COMING TO AMERICA (1988)
You may laugh, but this movie is so sartorially sophisticated it hurts. As you all know, Prince Akeem—Eddie Murphy—is tired of having his royal bottom wiped for him and wants to find his own wife, so he sets out with his royal detainer and best friend Semmi—Arsenio Hall—to find a girl who can think for herself, in America. It starts off with a dance sequence choreographed by Paula Abdul, performed by 50 dancers in tribal beads, loincloths, and long pheasant feathers.
The party guests are all wearing colorful traditional African print dresses and turbans and Prince Akeem himself is rocking a long, single braid, which he calls his “prince’s lock”, and is draped in an ocelot fur.
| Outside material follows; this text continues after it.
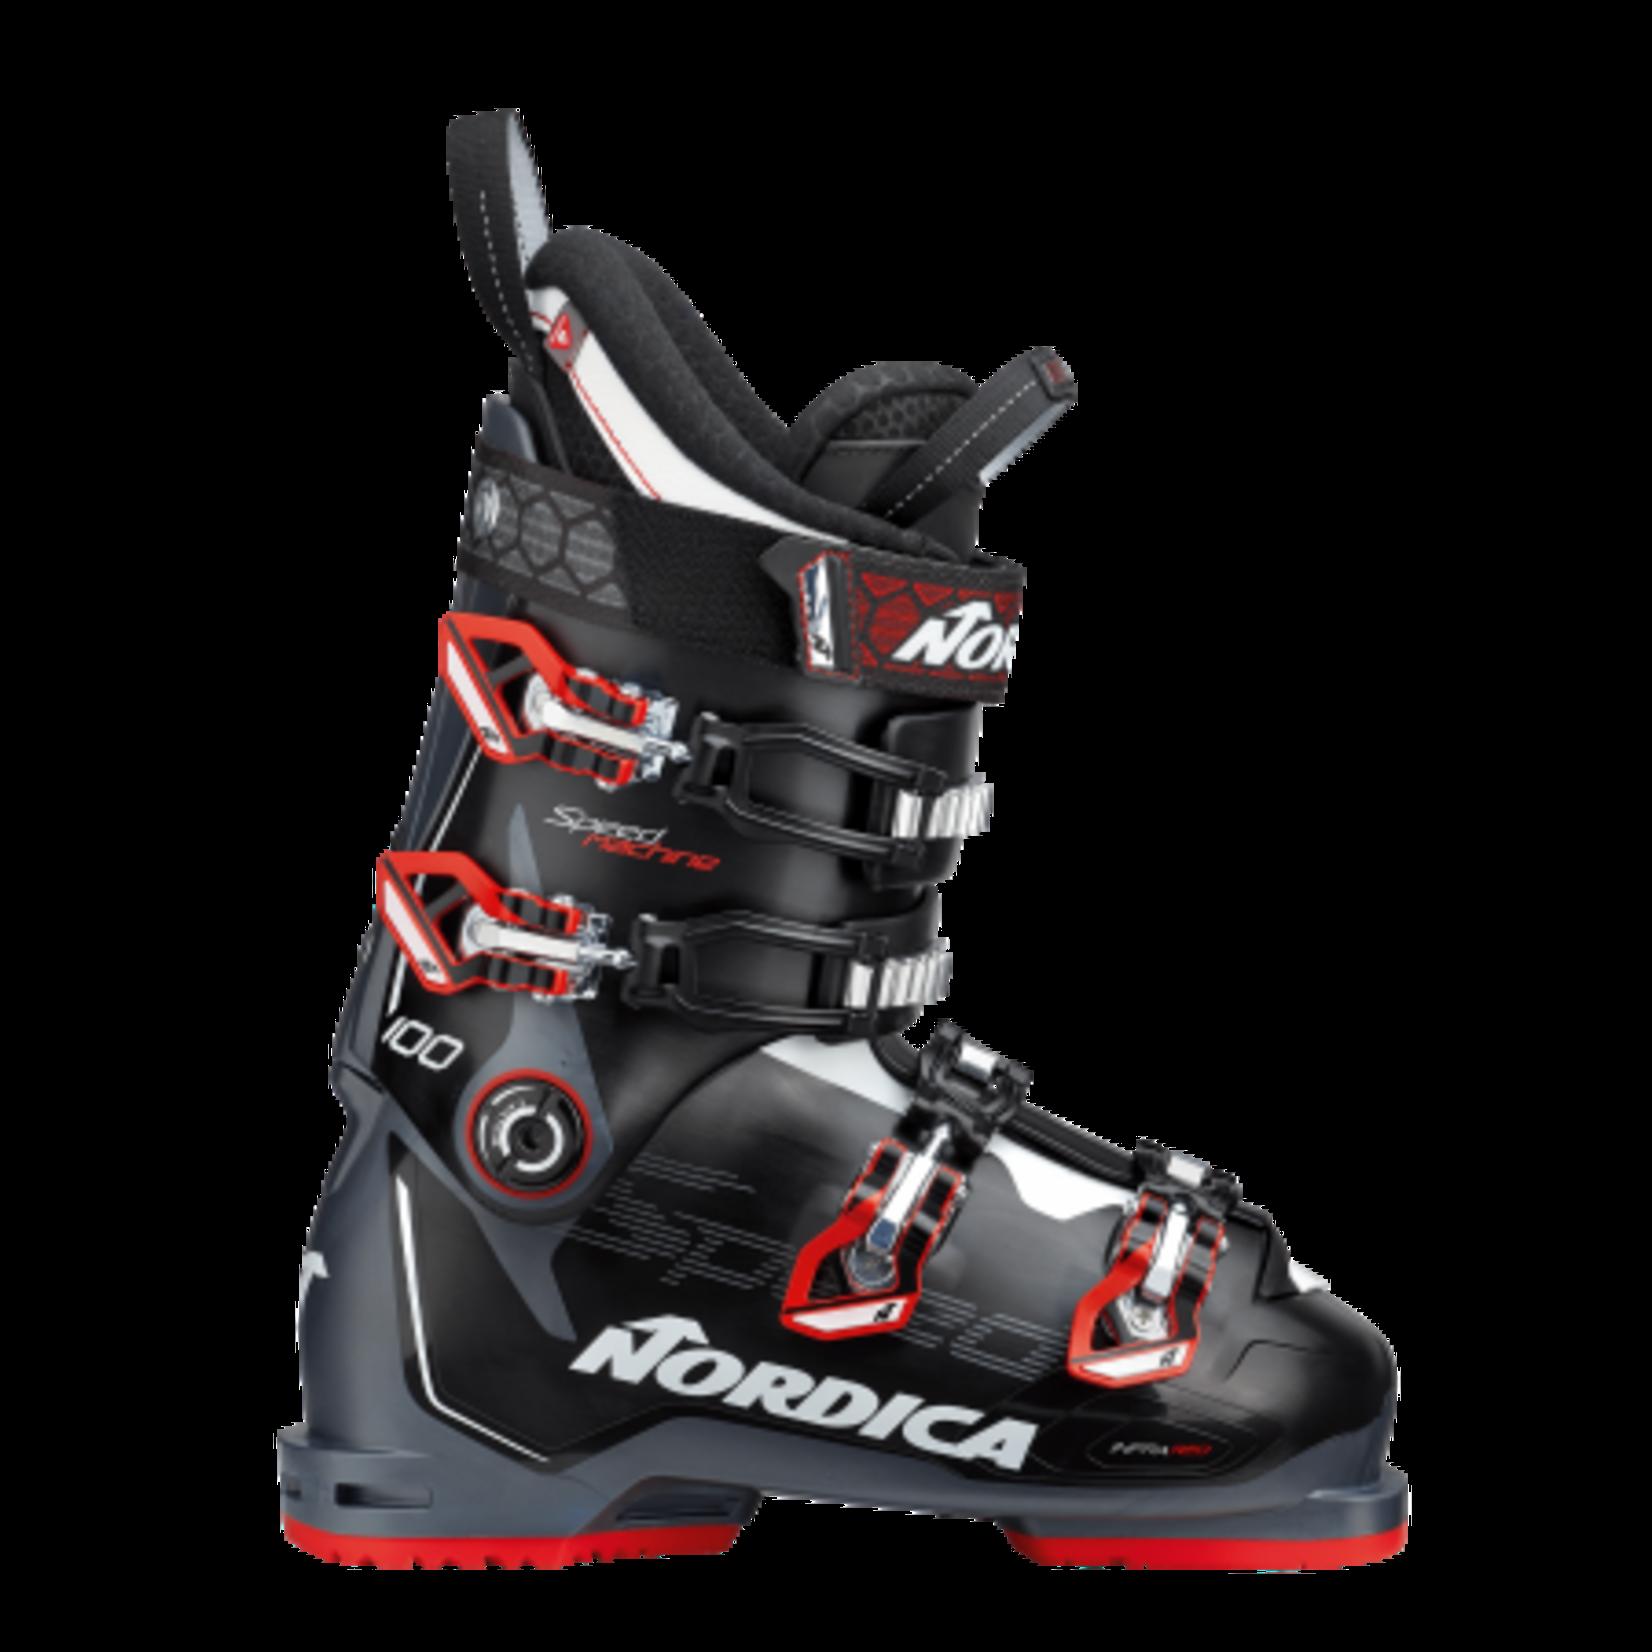 Nordica Nordica Men's Speedmachine 100 Ski Boots

At one point, we see King Jaffe Joffer, the ruler of Zamunda, stepping out of a limousine wearing lion fur, with the head on and everything.
When Akeem and Semmi arrive in Queens and their 17 pieces of Louis Vuitton luggage get stolen, they get a commoner makeover and are shown walking out of a Brooklyn shop looking like two perfectly dressed for the most stylish night out ever, circa 2008.
DUNE (1984)
The Bene Gesserit are a witchy space cult that possesses bright blue eyes, which symbolize magical superhuman powers only women possess.
Kyle MacLachlan’s character Paul Atreides is the reincarnation of Bene Gesserit’s super-being Kwisatz Haderach, so he gets to have them, too.
Using the power, he teaches a group of native Dune inhabitants, Fremen, how to control and wield giant sandworms that live on the planet, wearing muscley-looking stillsuits that capture and reclaim every particle of water possible so that the wearer can survive the vast desert of Dune.
David Lynch’s version saw the unwelcome addition of Weirding Modules, a device that has a throat unit and a hand-held projector worn by the Fremen warriors that amplified a chuffing noise in the throat, causing a sonic disruption.
Sting features as the bad guy in the movie as the ripped, blond, sculptural plastic briefs-wearing Harkonnen.
ROMEO + JULIET (1996)
Baz Luhrmann’s Romeo + Juliet showed us how Shakespeare’s play could be interpreted in a youthful, gettable way: with guns instead of swords, party drugs, wet curtain hair, unbuttoned Hawaiian shirts, and neon crosses.
Romeo’s crew are dressed up like western Viking punks for the masked ball, while Mercutio gets trained up in a big white afro and silver bra top, pulling party invitations out of his lame miniskirt.
Juliet’s mom is an even bigger freak, running around before the party in a wig cap, tarantula eyes, and a pink marabou-lined dressing gown.
Tybalt’s crew are pure, greasy Latin gangsters with soul patches, vests with bare torsos, and net shirts. Juliet is a white gothic angel surrounded by new-age paraphernalia like candles and crystals.
LIQUID SKY (1982)
Liquid Sky follows two rivaling models, Margaret and Jimmy, around the early 80s New York club scene while they perform at avant-garde nightclub fashion shows, have complicated sex lives, and hassle dealers for drugs.
Both the main characters are played by the same androgynous actress, Anne Carlisle, and the only way you can tell the difference between them is that she wears Blitz Kid make-up and he doesn’t.